AI-Enhanced ECG Predicts Future Cardiac Arrest Risk

ARTIFICIAL intelligence (AI)-enhanced electrocardiography (ECG) combined with electronic health record (EHR) data successfully identified individuals at increased risk of out-of-hospital cardiac arrest (OHCA), according to a major new U.S. study.  

The findings suggest that AI-driven cardiac screening could help clinicians detect high-risk patients before a life-threatening event occurs.  

AI-Enhanced ECG Improves Cardiac Arrest Prediction 

Out-of-hospital cardiac arrest remains one of the leading causes of sudden death worldwide, with many cases occurring in individuals without previously recognised high-risk cardiovascular disease.
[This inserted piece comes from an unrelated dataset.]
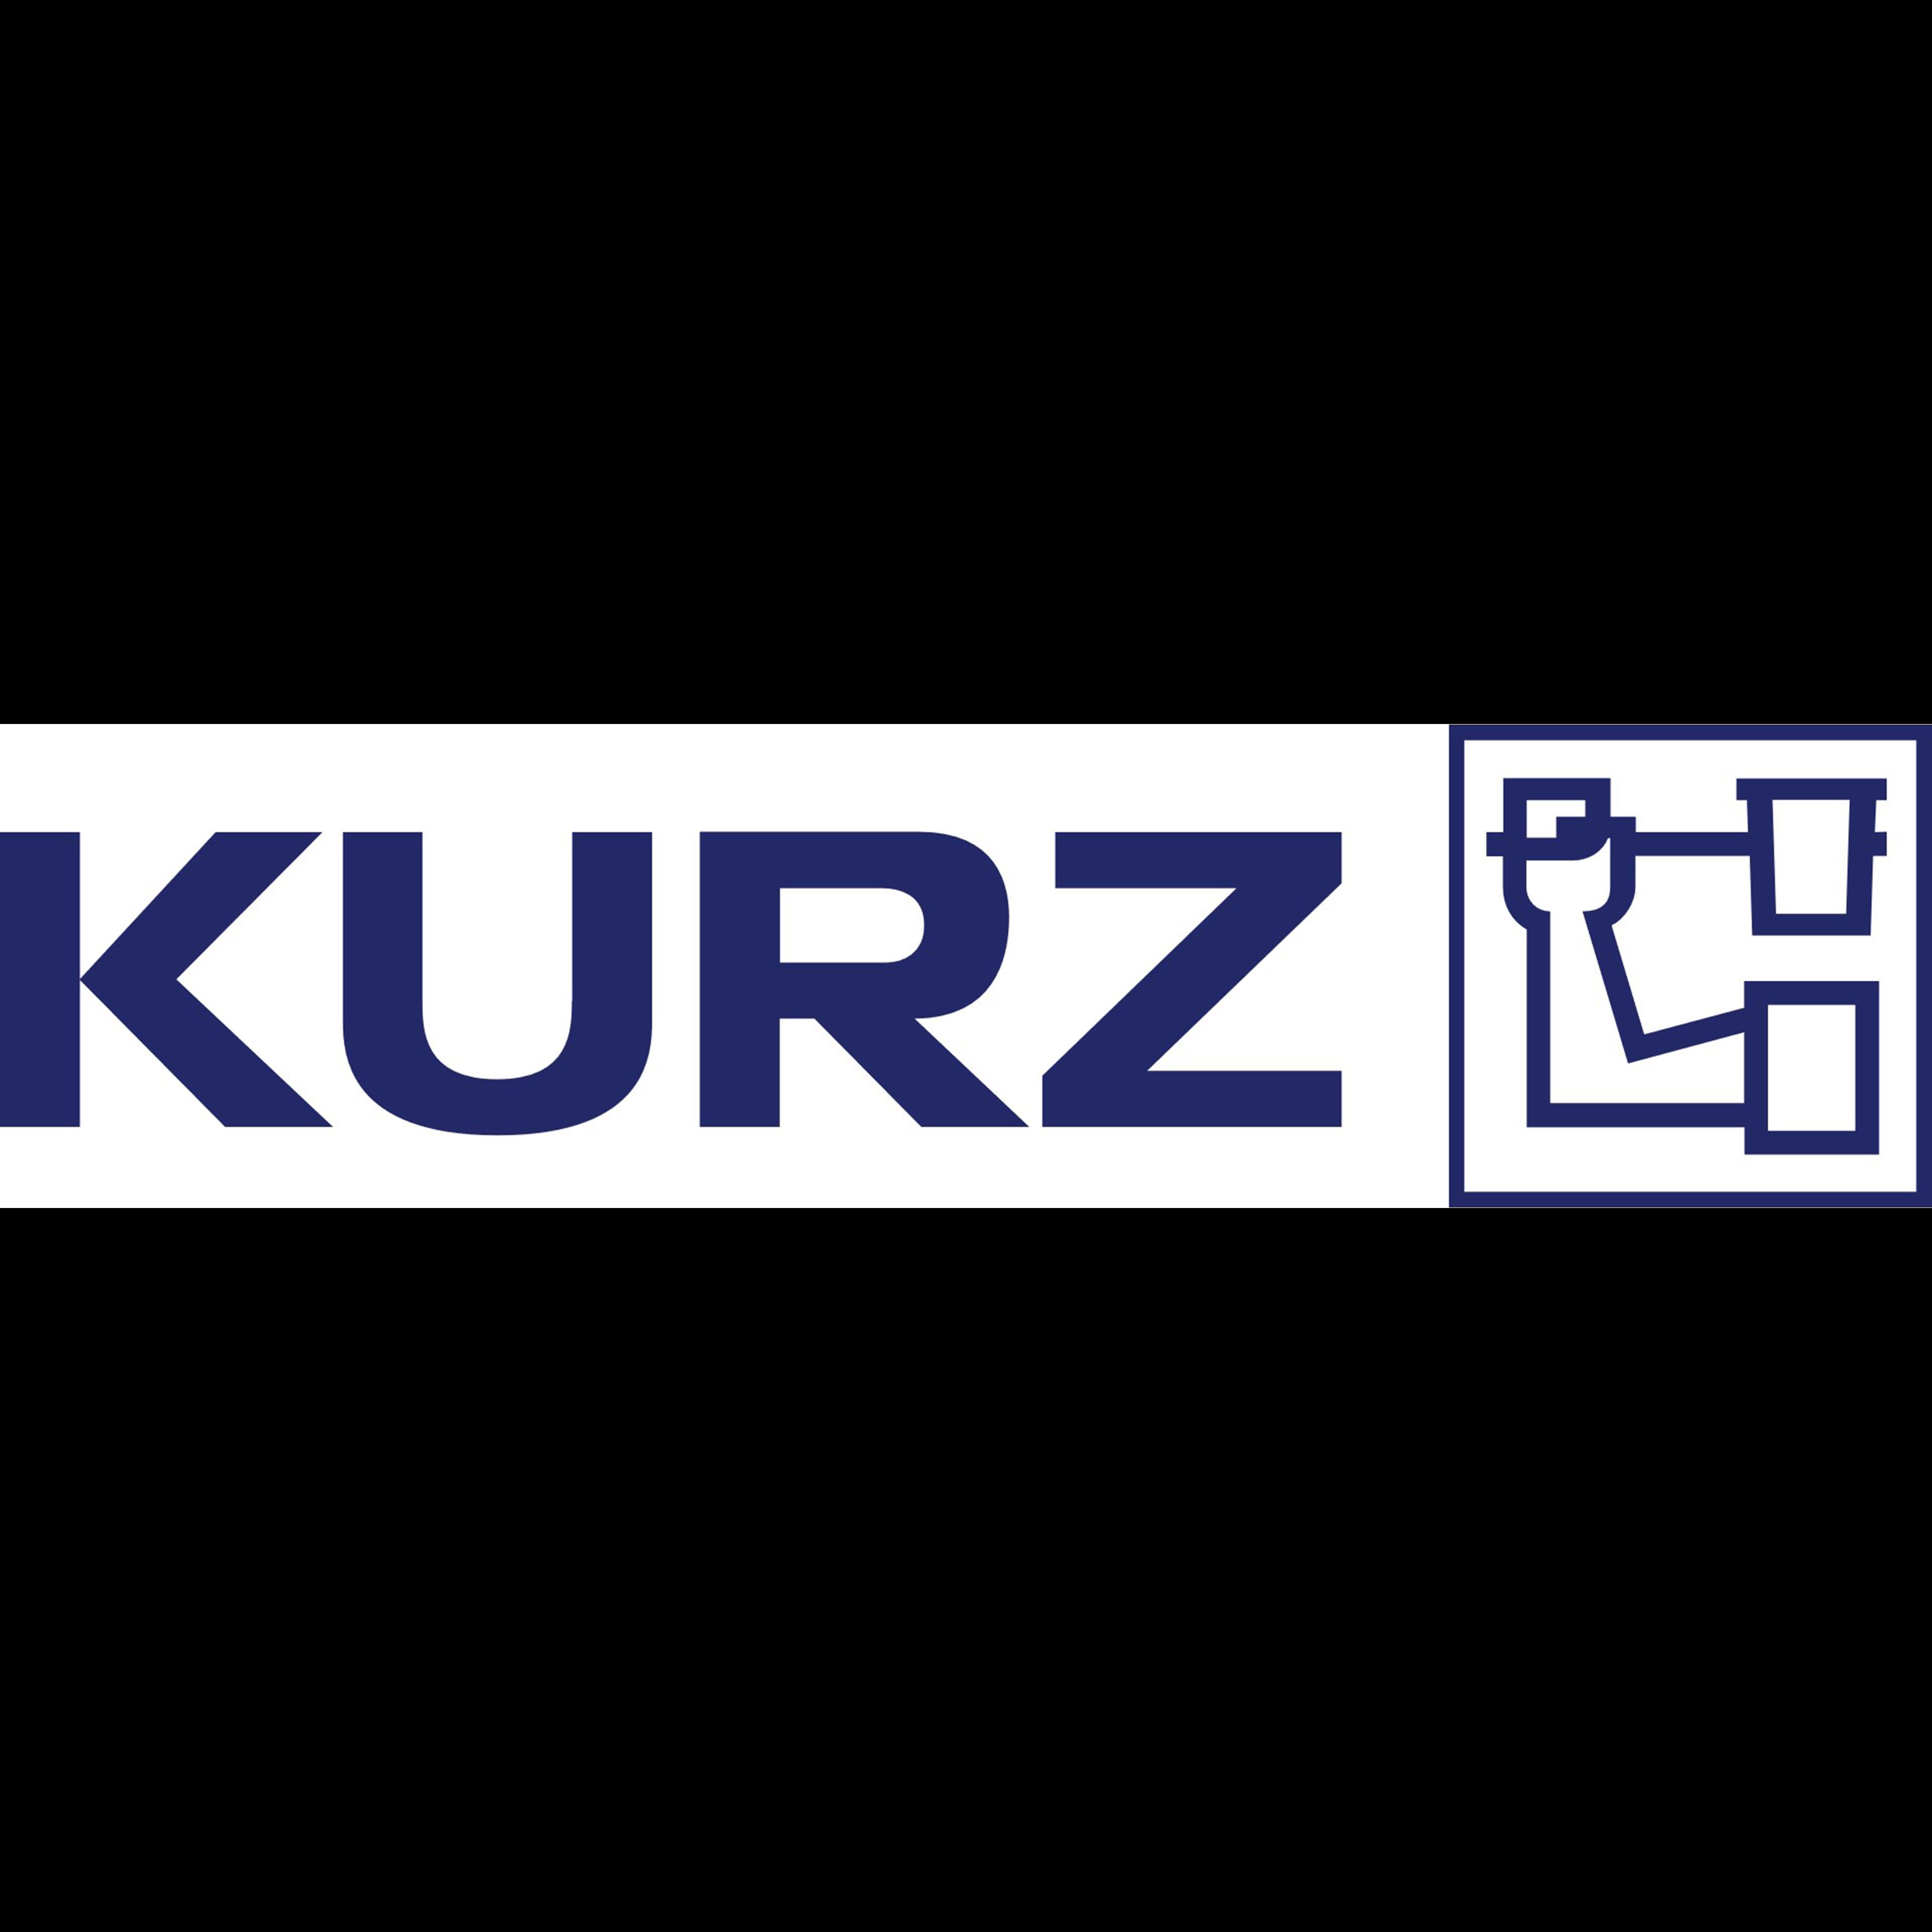 LEONHARD_KURZ_Stiftung&CO.KG_logo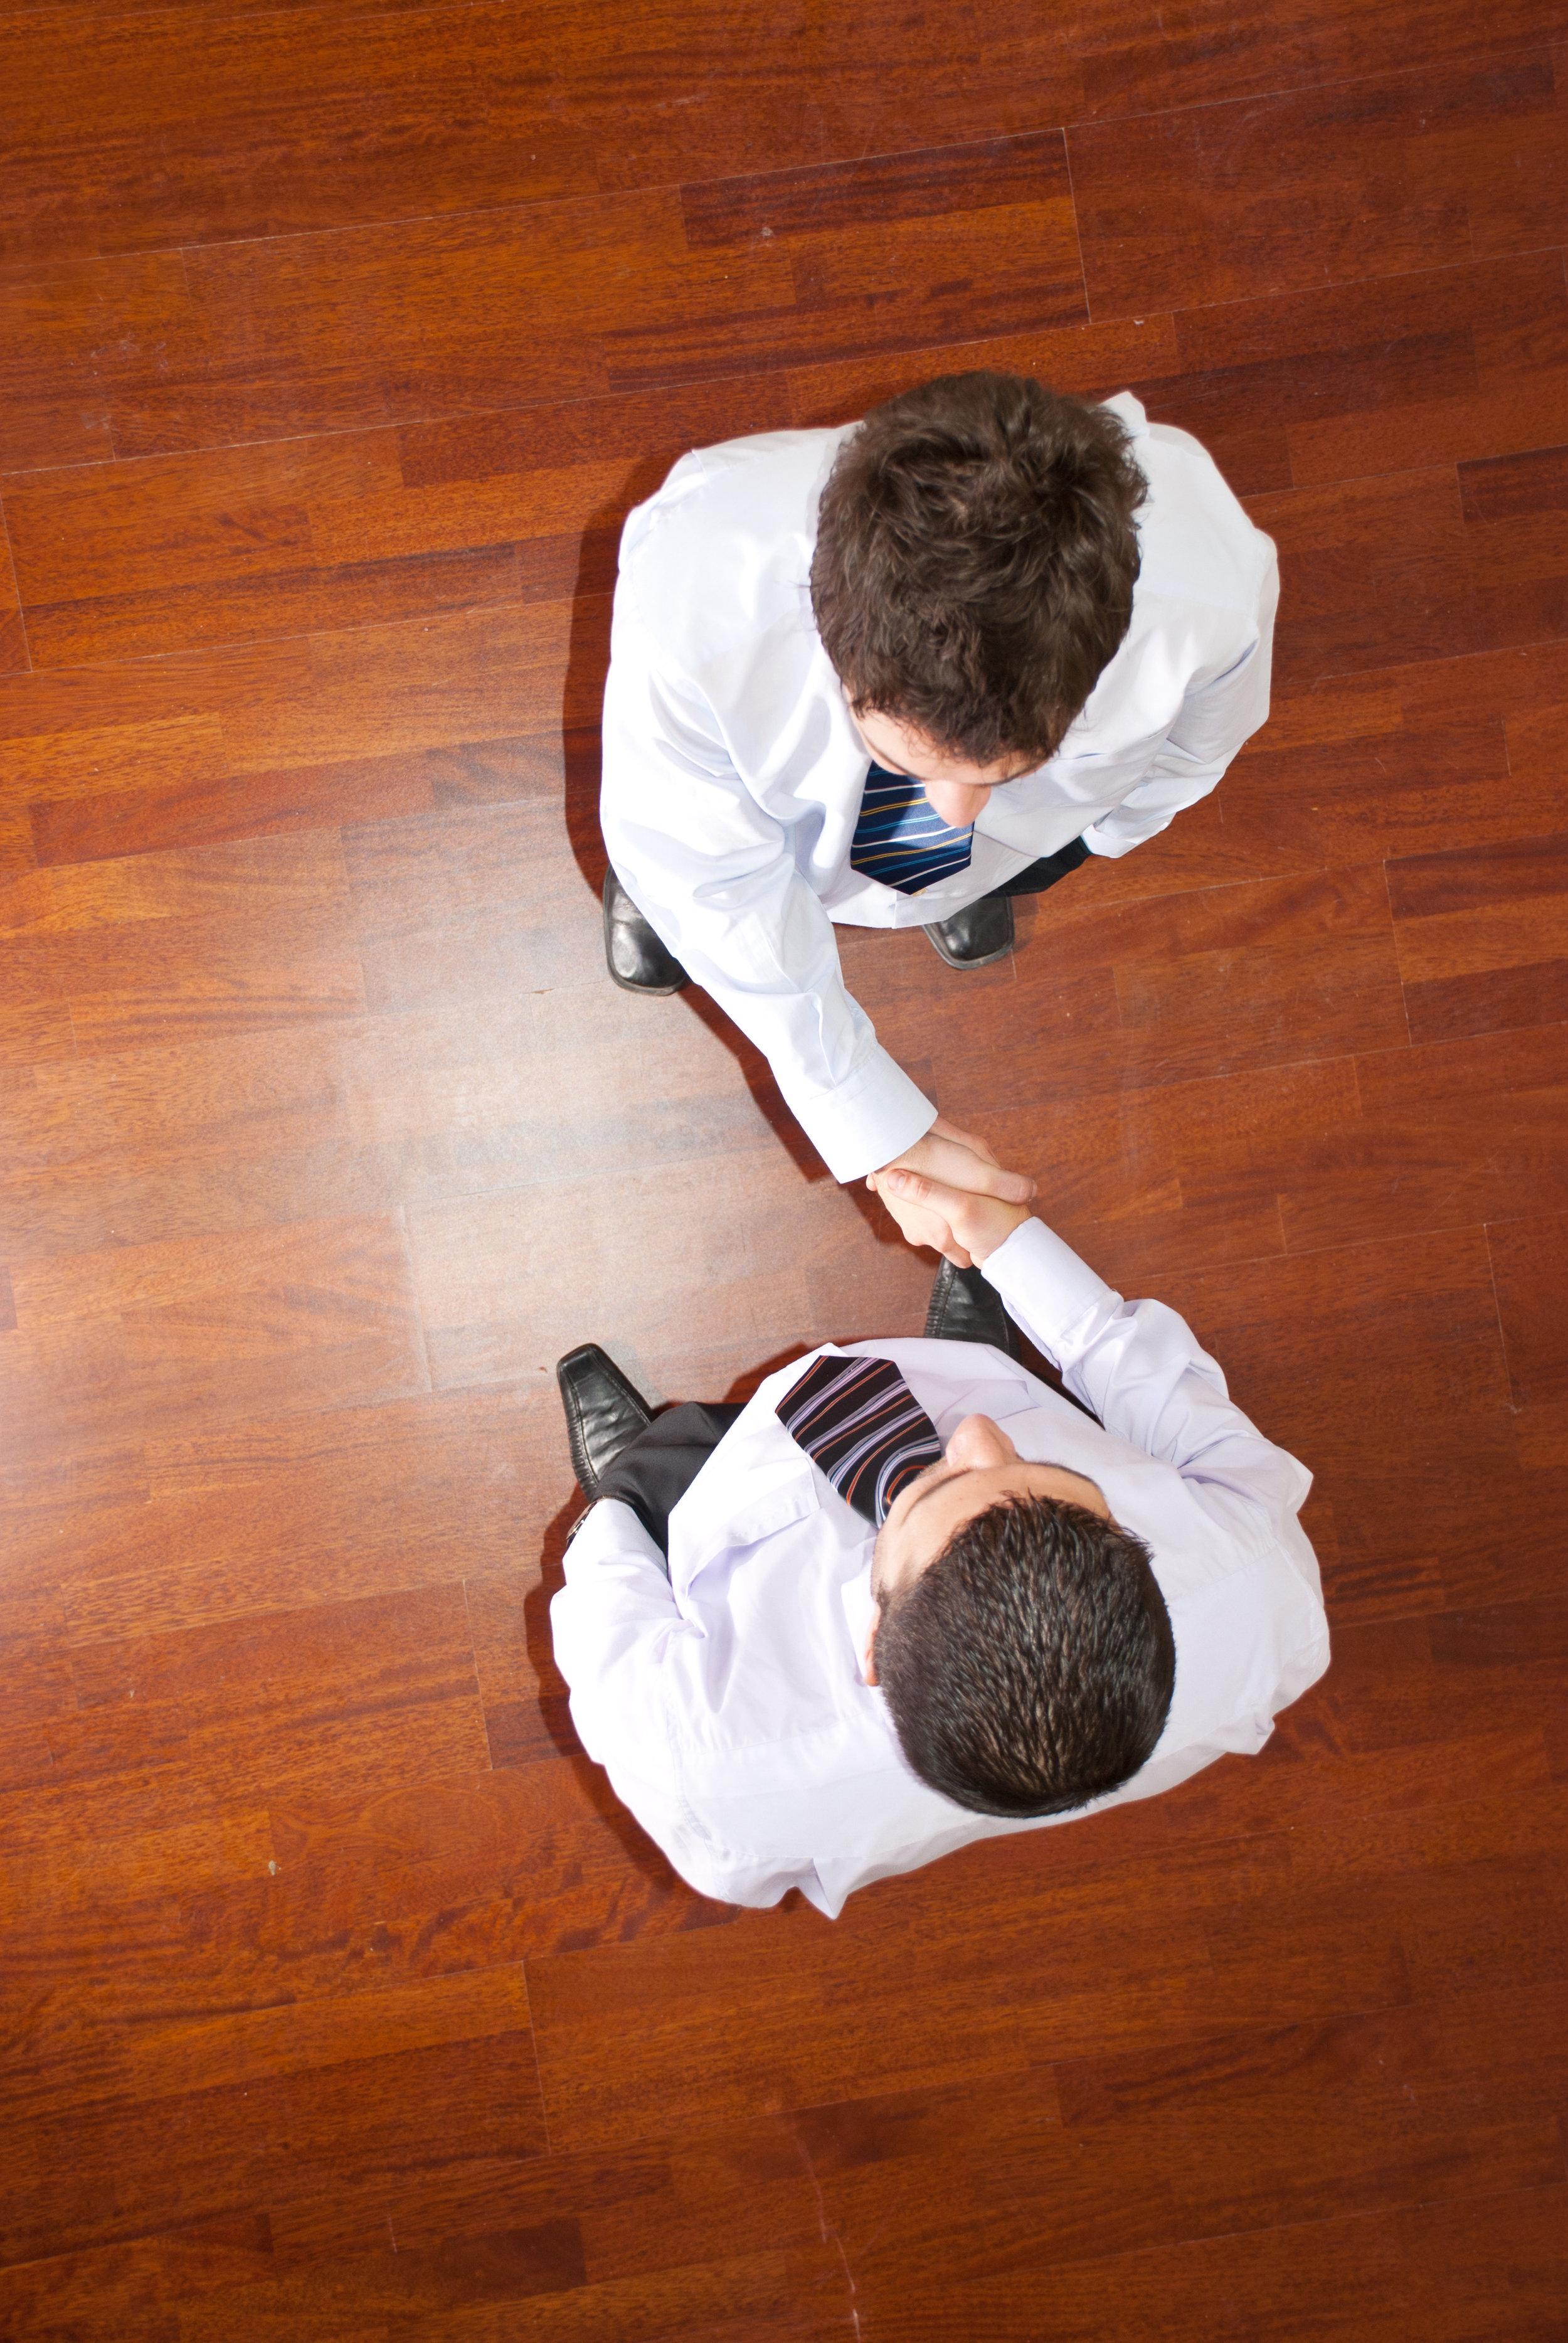 AdobeStock_30143254 handshake above.jpeg

Despite advances in emergency response and defibrillation strategies, predicting who will experience cardiac arrest has remained extremely difficult in the general population. 

Researchers developed and validated AI-enhanced ECG models using both ECG waveforms and routinely collected EHR data to determine whether these tools could better stratify OHCA risk. The case-control study matched participants according to age and sex before assessing model performance in temporal validation cohorts. 

The multimodal AI-enhanced ECG and EHR model achieved the strongest predictive performance, with an area under the receiver operating characteristic curve of 0.83 and an area under the precision recall curve of 0.44. These results significantly outperformed models based solely on ECG or EHR data. 

Real-World Performance of AI-Enhanced ECG Screening 

To evaluate clinical relevance, investigators tested the AI-enhanced ECG approach in a real-world healthcare population undergoing ECG assessment. Over a 2-year follow-up period, the combined ECG and EHR model identified approximately two-thirds of individuals who later experienced incident OHCA. 

Among patients classified as high-risk by the AI-enhanced ECG model, the 2-year cumulative incidence of OHCA reached 2.4% (95% CI: 2.0%–2.8%). By comparison, individuals designated low-risk demonstrated a substantially lower cumulative incidence of 0.5% (95% CI: 0.3%–0.8%). 

These findings indicate that integrating AI-enhanced ECG analysis with clinical health records may provide a practical method for identifying patients who could benefit from closer cardiovascular monitoring or preventive interventions. 

Implications for Preventive Cardiology 

The researchers noted that current prevention strategies for sudden cardiac arrest primarily focus on patients with known structural heart disease or severely reduced cardiac function. However, many OHCA cases occur outside these traditional high-risk groups. 

AI-enhanced ECG screening may therefore offer a scalable population-level approach for earlier cardiac arrest risk identification. Further prospective studies are needed to determine how these models should be integrated into routine clinical practice and whether earlier intervention could reduce mortality. 

The study also highlights the growing role of AI in cardiology, particularly in improving prediction models using routinely available healthcare data. 

Reference 

Sharma S et al. Artificial intelligence-enhanced electrocardiography and health records to predict cardiac arrest. JACC Adv. 2026;DOI:10.1016/j.jacadv.2026.102787.